My work is comparative and uses case studies in the United States and Australia as well as in Ireland and Britain to more fully examine ethnic communities and the activities which bond people together - including education, sport, religion, and associational culture. My first book, Forging Identities in the Irish World: Melbourne and Chicago, c.1830-1922, was published with Edinburgh University Press in February 2022. In 2023, this book was awarded the Lawrence J. McCaffrey Prize for Books on Irish America by the American Conference for Irish Studies (ACIS).

There are two strands to my most recent work which focuses on (1) the role of women religious (or nuns) in and outside of Ireland and (2) women and public space/the built environment during the nineteenth and twentieth centuries. As part of this second strand, and thanks to the Royal Irish Academy's Charlemont Grant for seed funding, I am a founding member of the Histories of Emotion in the Built Environment (HEBE) research network. HEBE is committed to considering the ways that the history of emotions can help us to better understand the built environment. It aims to facilitate inclusive cross-sectoral discussions between and across discipline and practice. In doing so, researchers will reflect on the methodological opportunities and challenges of using emotional frameworks in the study of the built environment over the next five years. The HEBE network will run a series of seminars and events exploring these topics.

I am currently the Secretary of the Ulster Society for Irish Historical Studies and also run the Irish Diaspora Histories website. I was previously the Book Reviews Editor for the Australasian Journal of Irish Studies and sat on the council of British Association for Irish Studies.

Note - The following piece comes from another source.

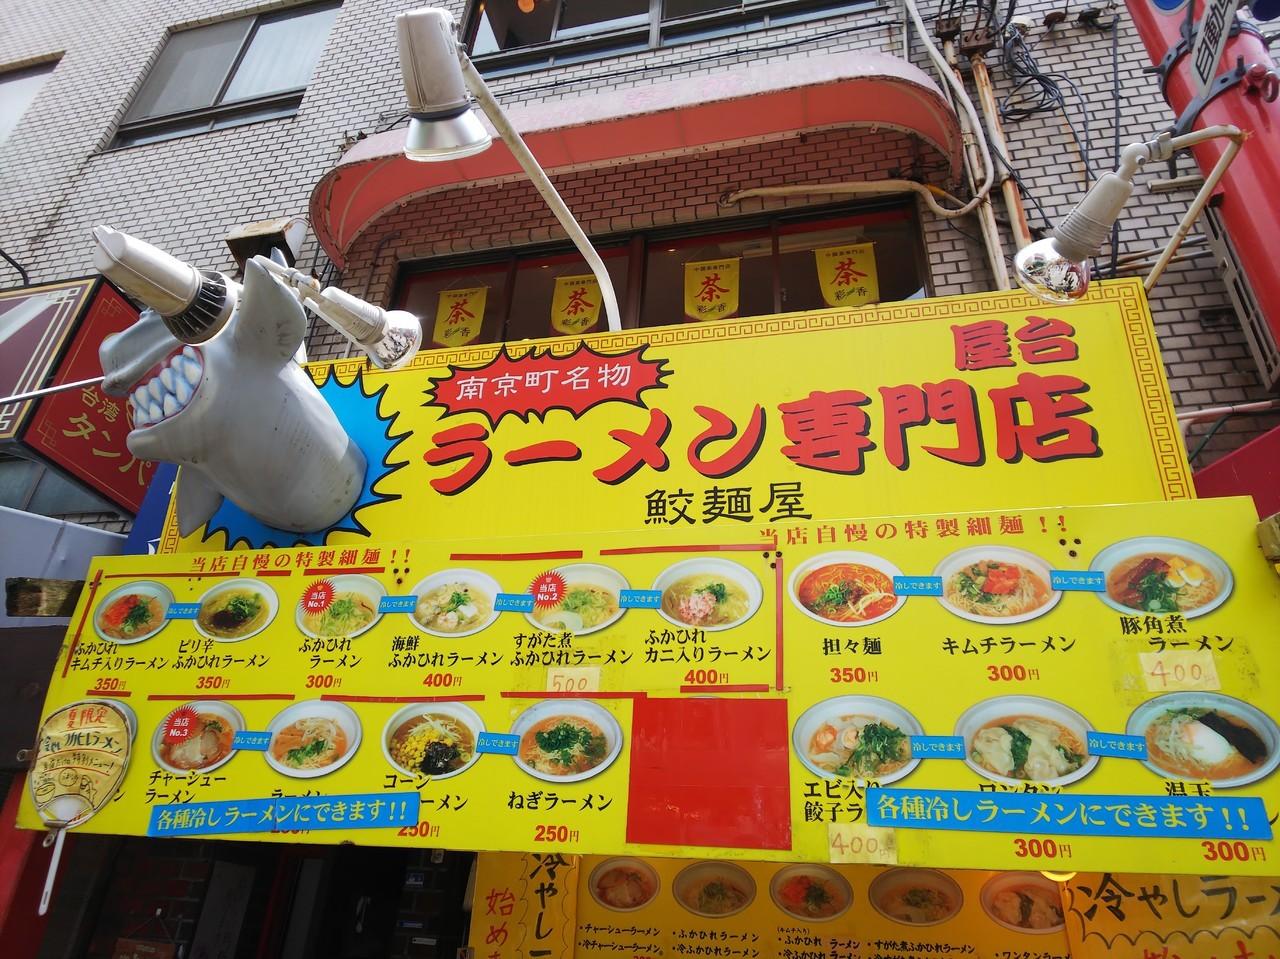 鮫麺屋 image
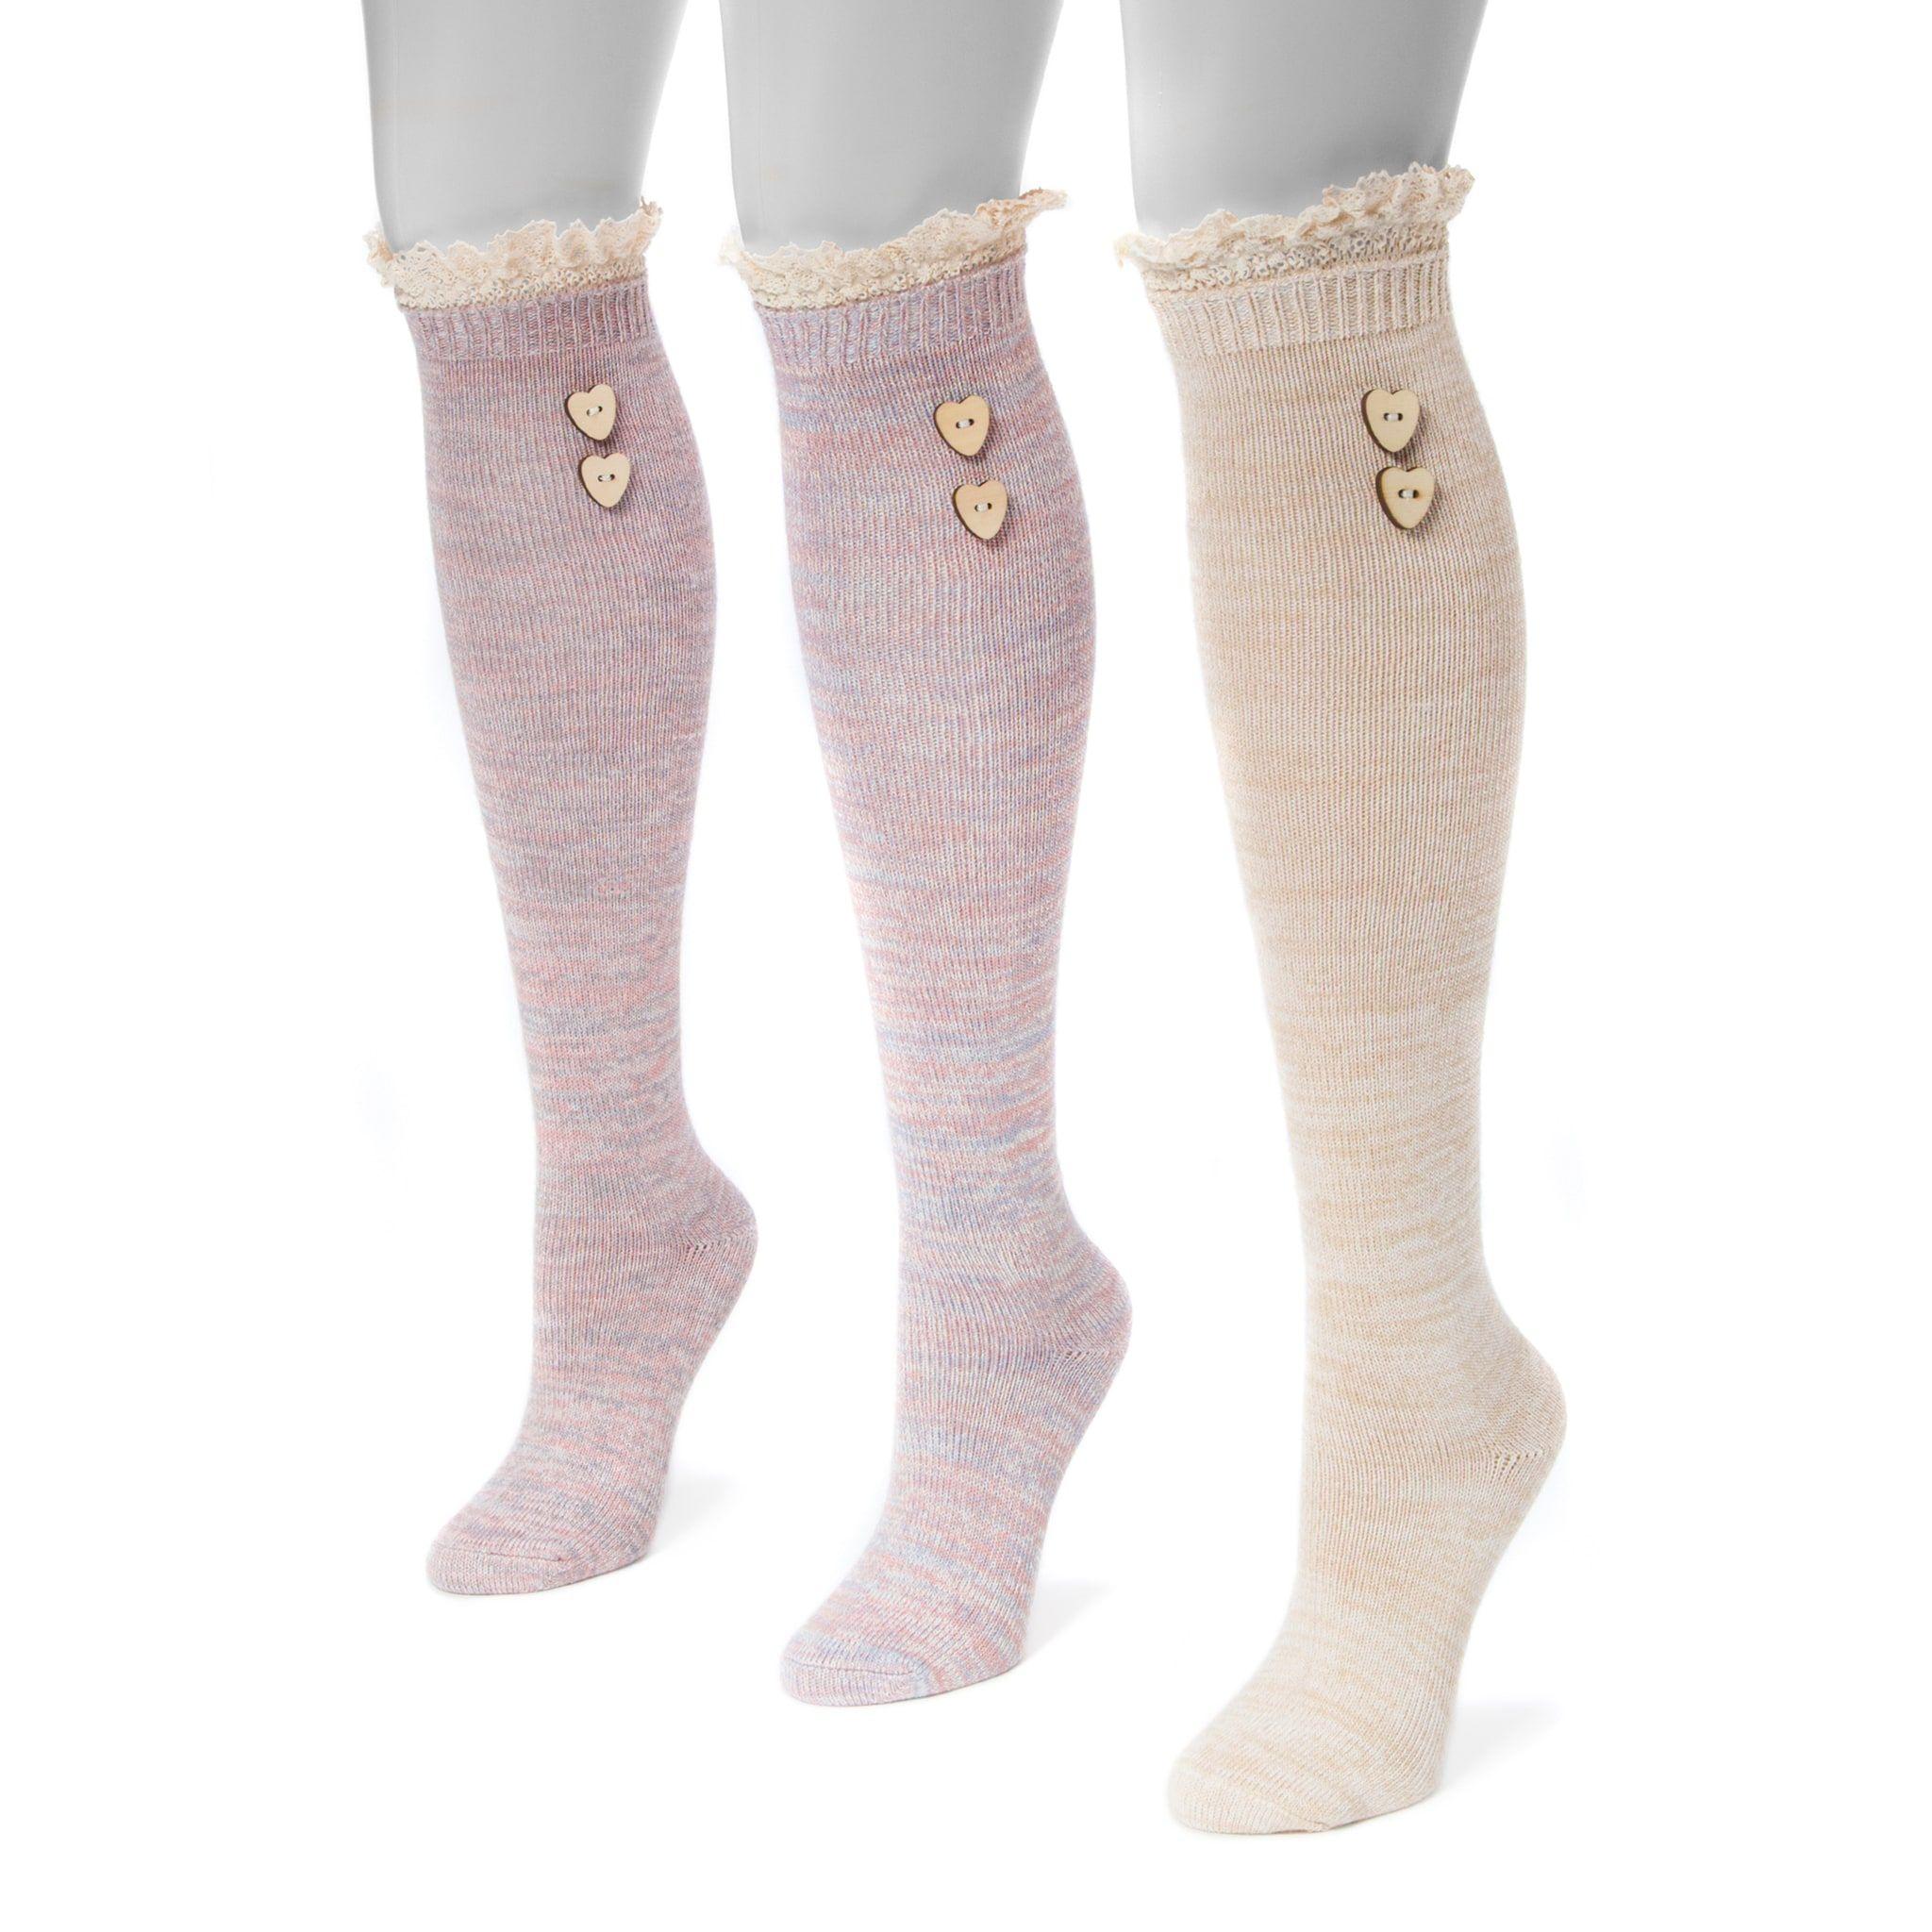 bd8f42430 Women s MUK LUKS 3-pk. Lace Heart Button Knee-High Socks in 2019 ...

While I'm a historian by trade, I am currently a lecturer in Liberal Arts at Queen's. I try to take an interdisciplinary approach to my research - bringing together material culture, urban studies approaches, and histories of emotion - so having the opportunity to work with colleagues from across different disciplines is brilliant! It also means that I can work with our wonderful students, who are studying wildly different pathways, to help them to draw themes together from across a variety of modules and approaches - and, as always, I also get to learn from them!

I am the Subject Lead for the M.Liberal Arts degree programme. This role has lots of different elements, including working with my colleagues to make Liberal Arts as wonderful and rewarding as possible. One of the big elements in this is convening Liberal Arts modules across all four year groups. In the past, I have taught modules which cross my areas of research. Geographically, these have focused principally on Ireland, Britain, the British empire, and North America, while thematically they have largely been on social and urban history. In Liberal Arts, the modules I convene tend to ask big questions about the state of the world and the place of 'the arts and humanities' (however we're defining them) in society.

Modules convened:

LIB1001: Understanding Now (23/24 theme is Migration)

LIB2001: Uses of the Past

LIB3001: Arts & Humanities in the Contemporary World

LIB3003: Work Placement

LIB7005: Migrating Identities


I am the second supervisor on Conor Brockbank's PhD project 'A Growing Irish Transnational Carmel, 1926-1980' and third supervisor for Julie Mathias' PhD project on 'Ireland's Lost Property: An Exploration of the Anatomy Trade in England and Ireland, 1832-1922'. 


I studied for my History undergraduate degree at the University of Exeter (with a short stint at Deakin University in Melbourne) before moving to Dublin to study for my M.Phil in Modern Irish History at Trinity College Dublin. I then spent a year working in the engineering industry and a further year working in and consulting with museums as a freelance researcher. During my PhD at the University of Edinburgh I was a William McFarlane Fellow, working closely with the Scottish Centre for Diaspora Studies. My PhD (awarded 2017) looked at Irish communities in Melbourne and Chicago during the nineteenth century and was supervised by Professor Enda Delaney and Dr Niall Whelehan. Between January 2020 and June 2021, I was Teaching Fellow in Irish History at the University of Leicester. Prior to this, I was the Research Fellow on the Scottish Irish Migration Initiative based between the University of Edinburgh and University College Dublin, and have also lectured at Northumbria University, University of Edinburgh, University of Newcastle, and Strathclyde University.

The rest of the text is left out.